Molecule fragmentation. Based on the defined cleavage bonds, molecules are divided into fragments. In this work, this was performed via the ‘Chem.FragmentOnBonds’ function of RDKit.
3.
Conversion into a reduced graph. All information on obtained fragments (nodes) and cleavage bonds (edges) are converted into a bidirectional graph. In this work, this was handled via NetworkX⁷³ package (v. 3.2.1) and interpreted as a bidirectional graph carrying all attributes for nodes and edges.

fragSMILES canonicalization

The canonicalization of the reduced graph is achieved via the following steps:

1.
longest paths are recognized;
2.
paths that branch out earlier along the way are retained;
3.
paths with more numerous branching are retained;
4.
Equal paths are compared by the sequence of their component nodes.
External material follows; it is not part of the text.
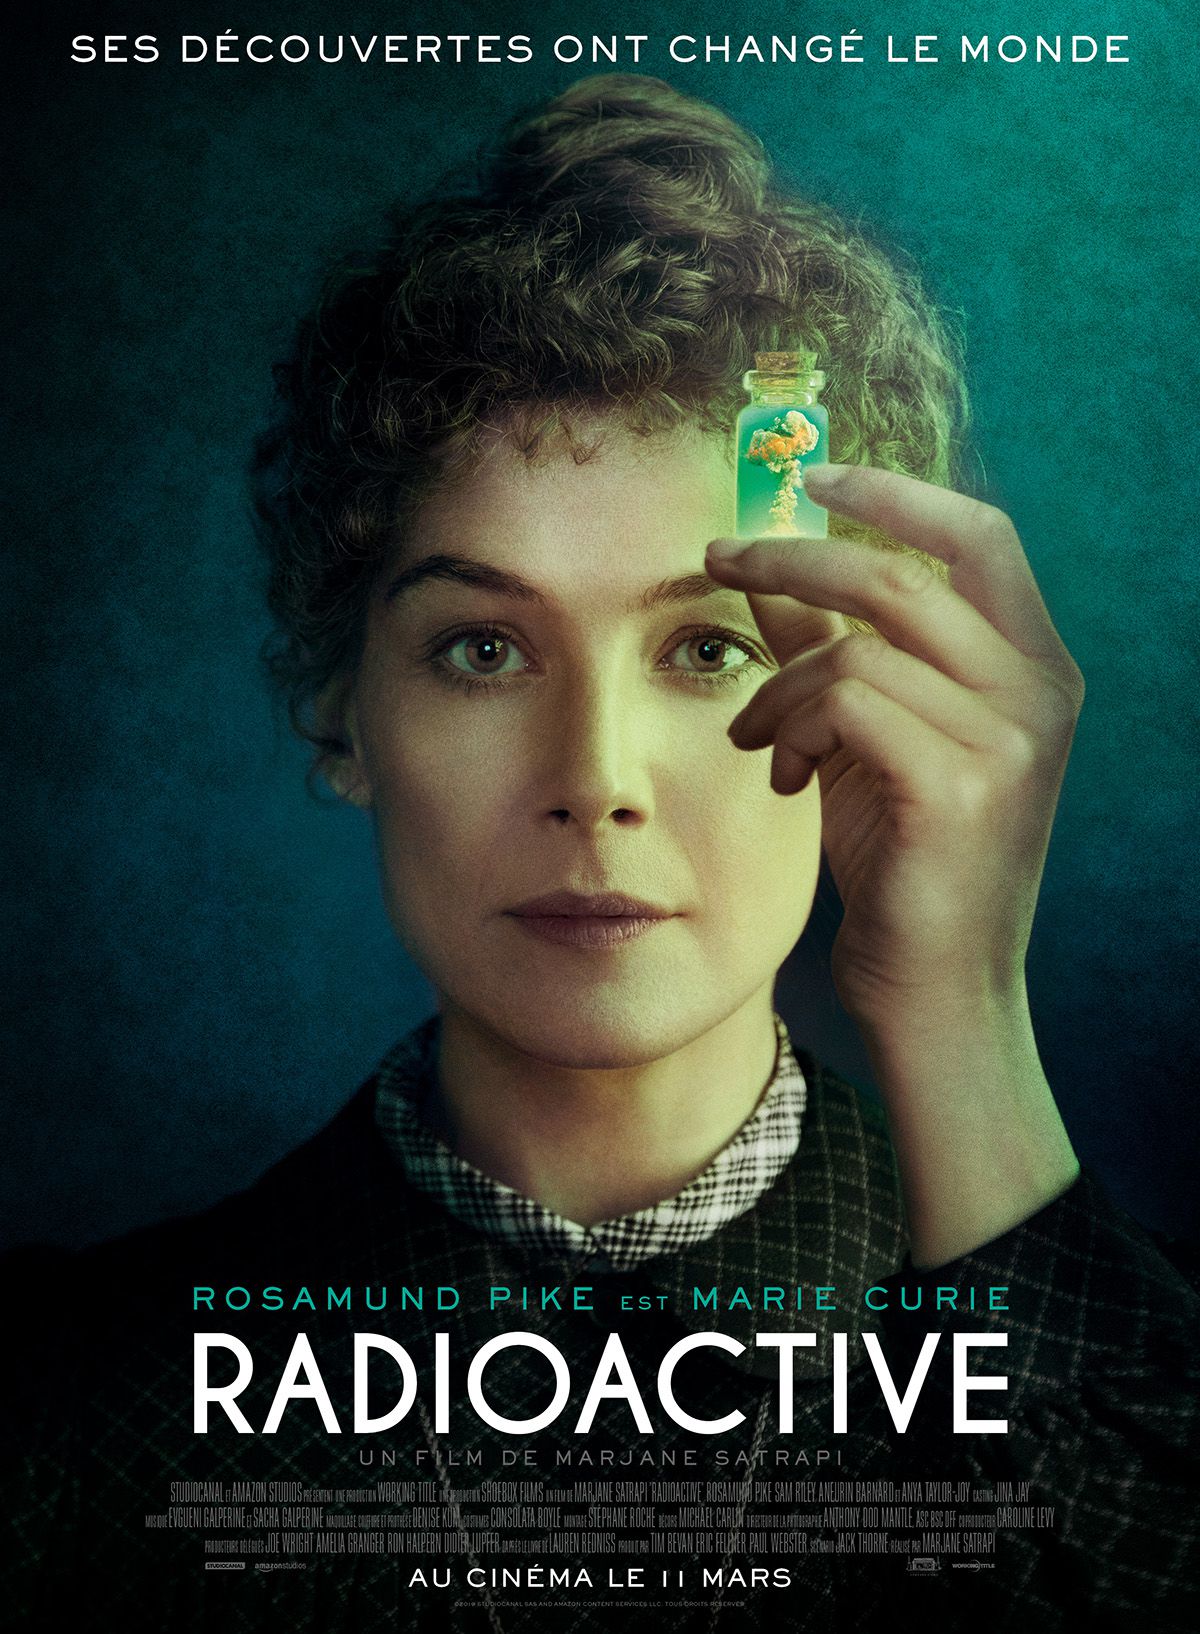 Radioactive - Film (2020) streaming VF gratuit complet

Each node, depending on the fragment it represents, is identified by a unique numeric ID that places it in a ranking. The path with the most importance is considered.

All codes for tool employing are written as Python language and available on GitHub link https://github.com/f48r1/chemicalgof or Zenodo https://doi.org/10.5281/zenodo.12700298.

Data sources and preprocessing

The following datasets and preprocessing steps were used:

ZINC-250K database⁴⁰ was obtained from repository of a recent work²⁵. It contained 249,414 molecules but some of them were discarded because they contained only one fragment according to the fragmentation framework. Specifically, 86 and 864 molecules were discarded when the exocyclic single bond rule and rotatable bond rule were applied, respectively.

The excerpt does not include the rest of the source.